→ **Required action**:
When you reproduce the data, keep every word exactly as it stands and leave the pictures out.
(Recorded data Opens)
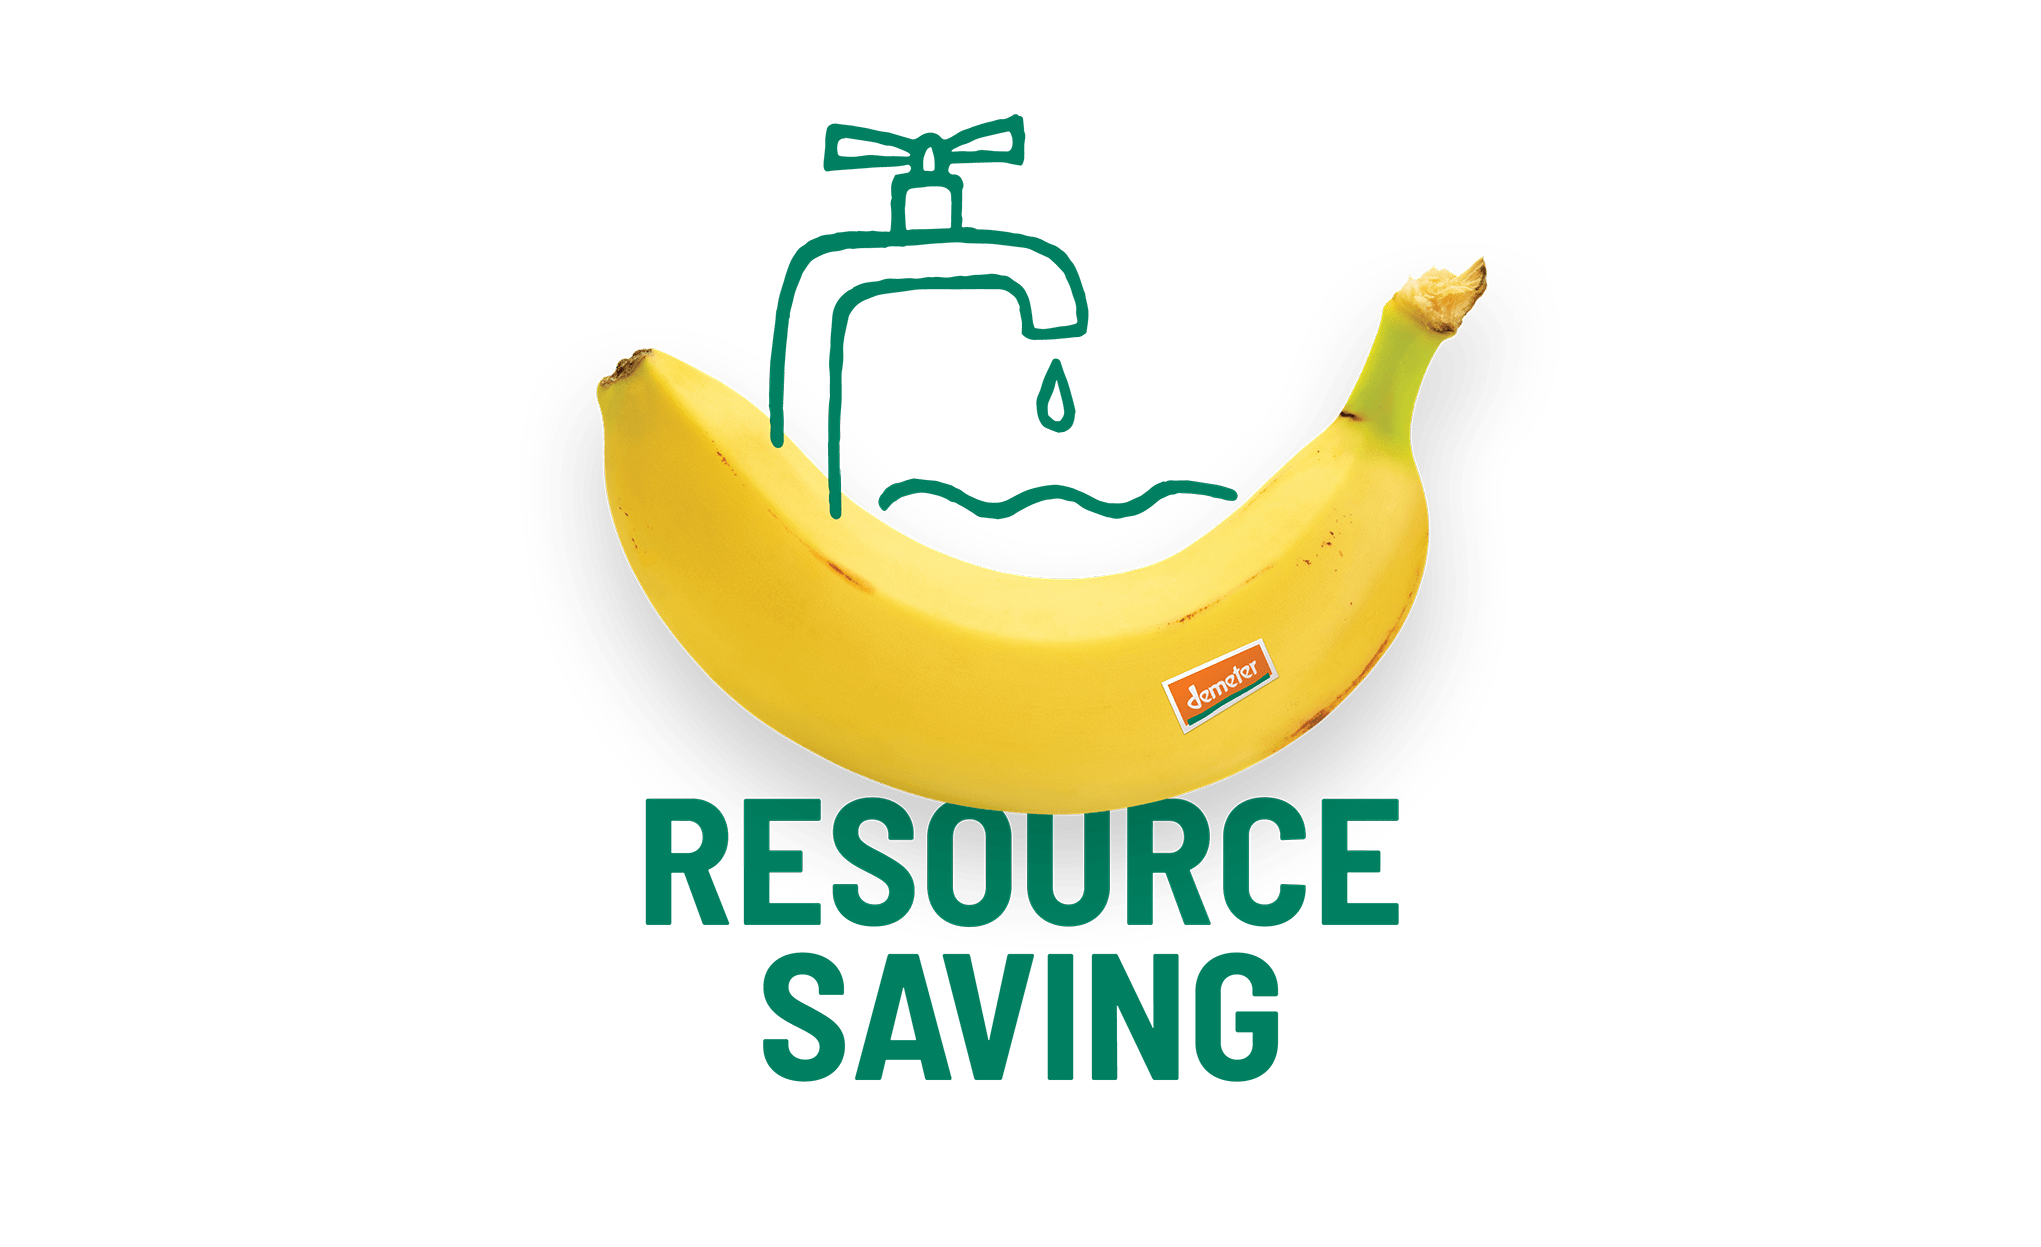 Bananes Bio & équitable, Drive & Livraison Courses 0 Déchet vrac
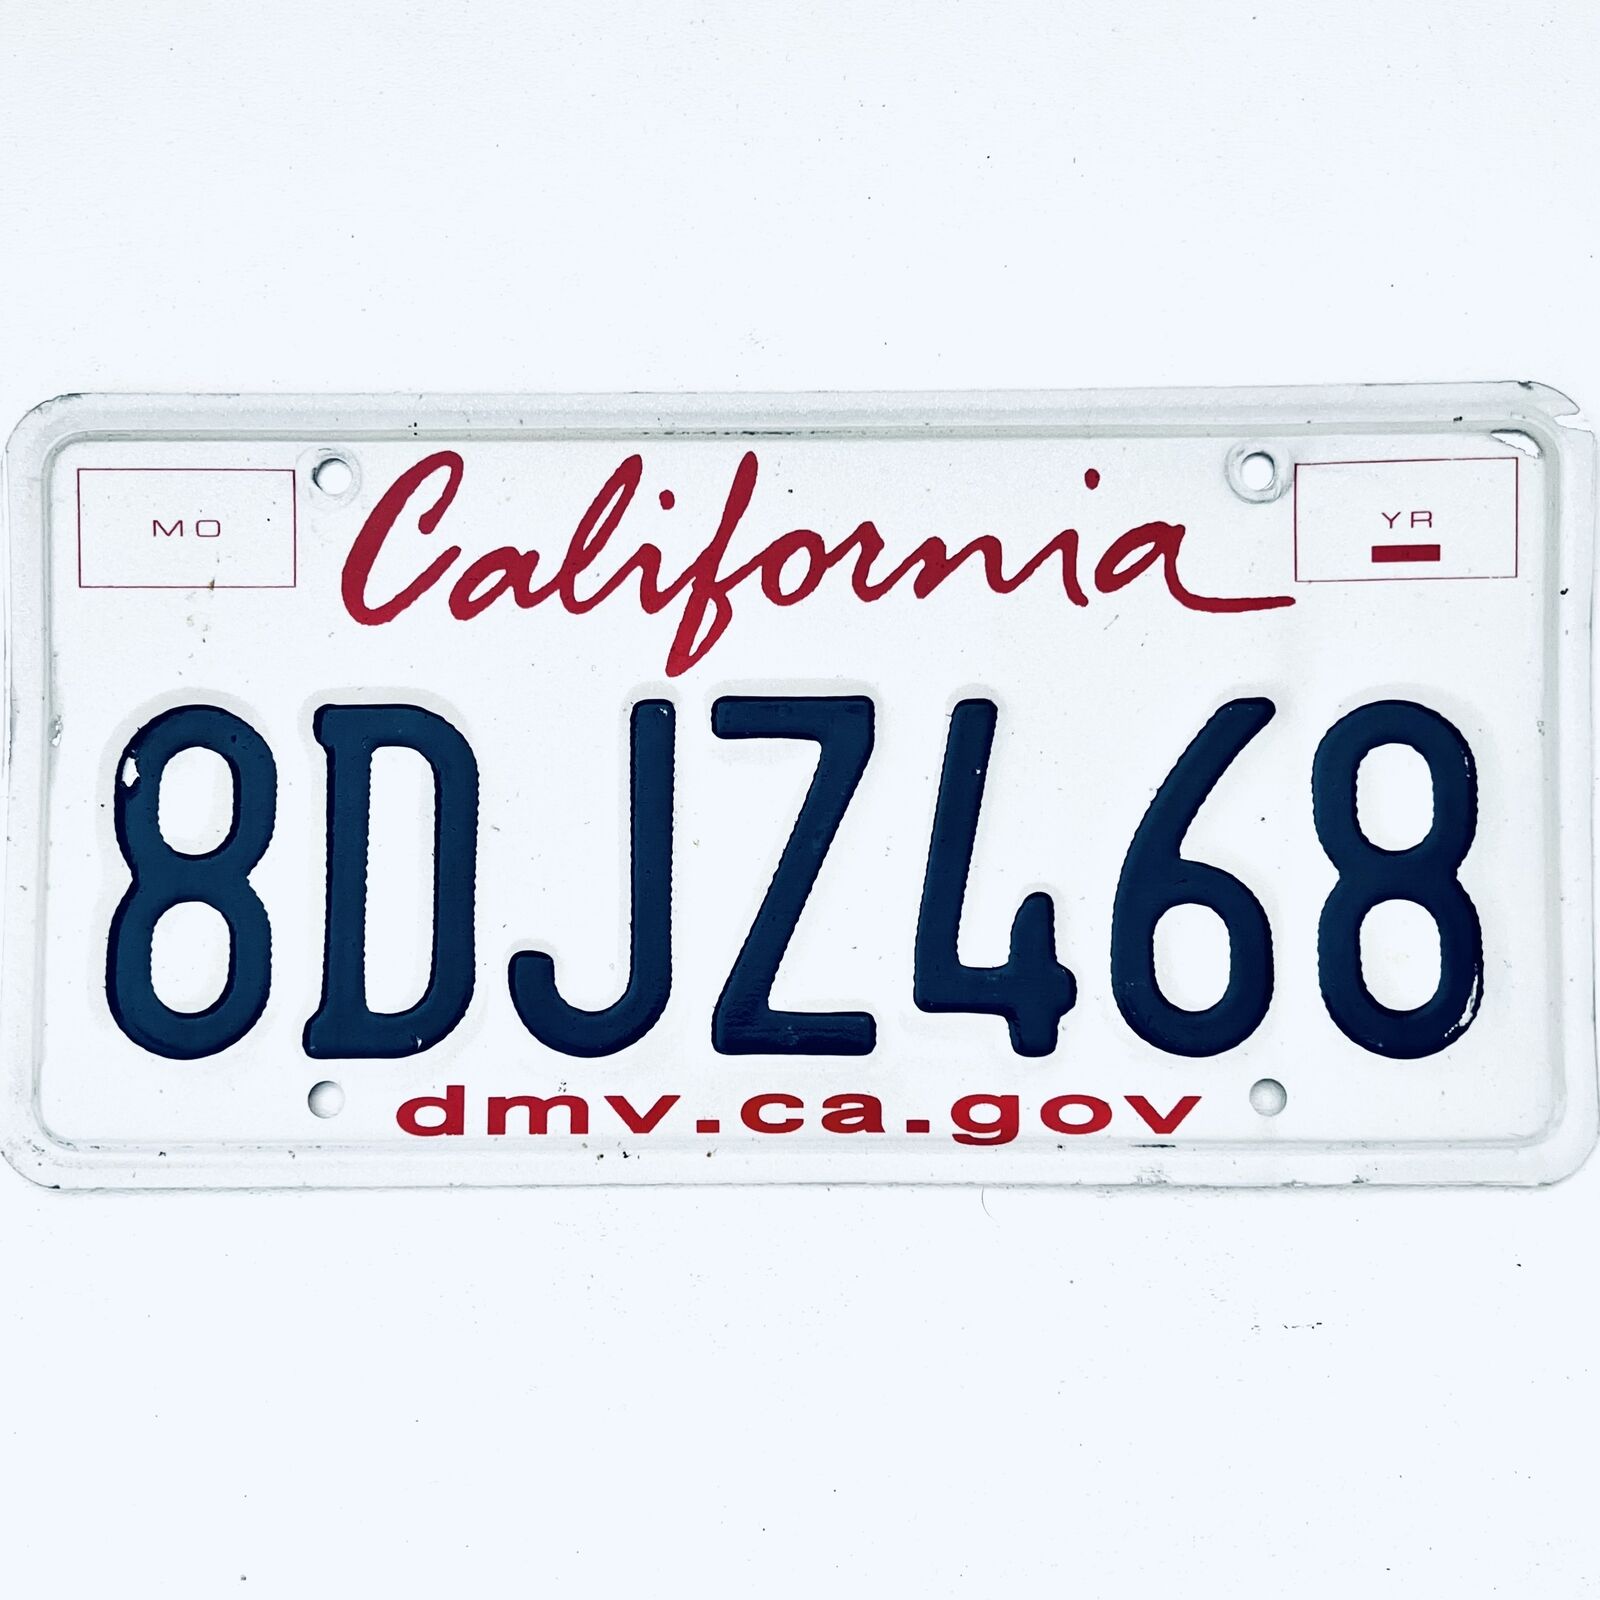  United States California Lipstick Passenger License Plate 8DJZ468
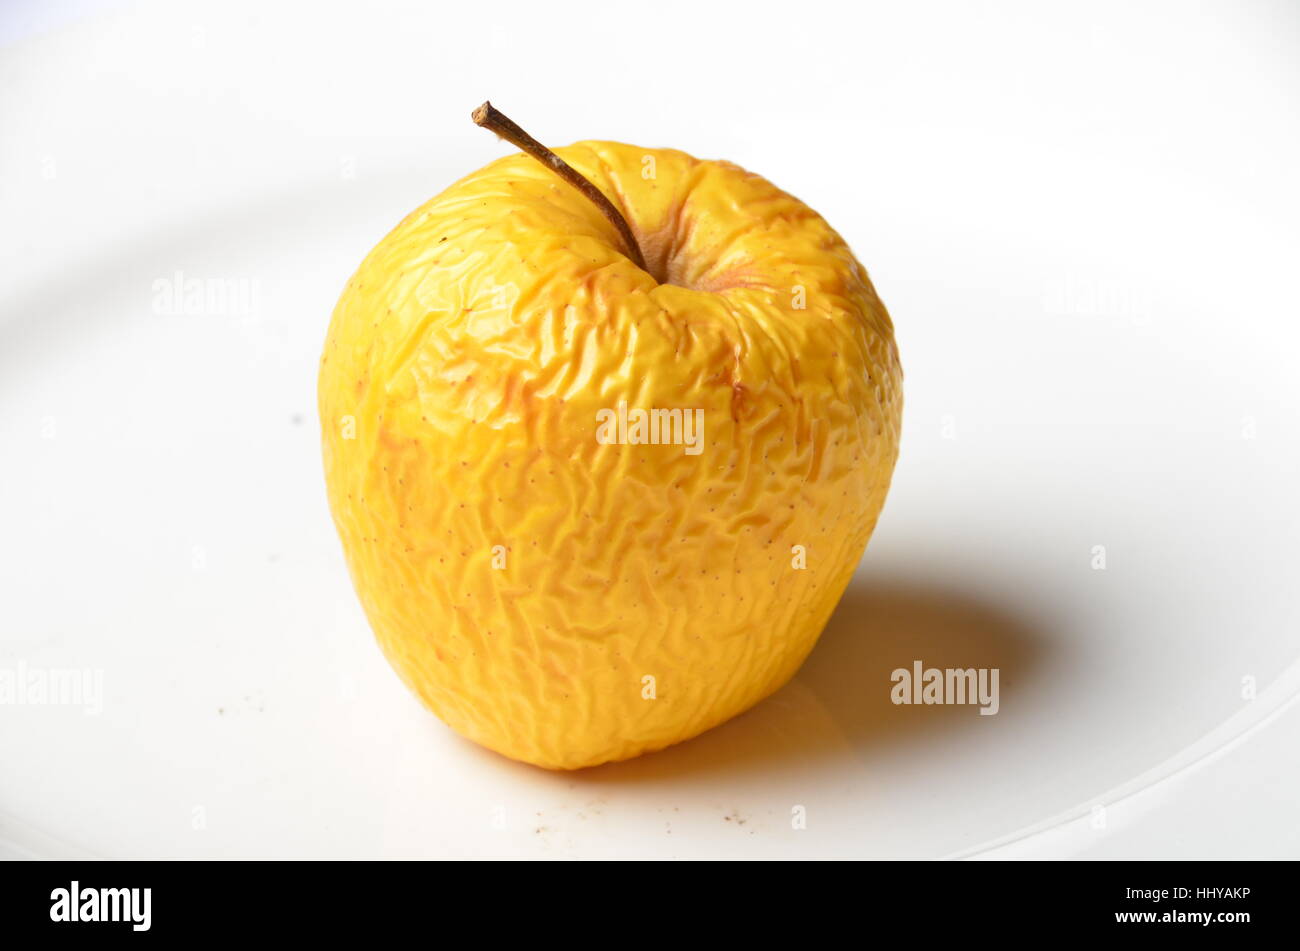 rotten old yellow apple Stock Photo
(Recorded data Closes)
→ **Reply to the exercise**:
 Bananes Bio & équitable, Drive & Livraison Courses 0 Déchet vrac
  United States California Lipstick Passenger License Plate 8DJZ468
 rotten old yellow apple Stock Photo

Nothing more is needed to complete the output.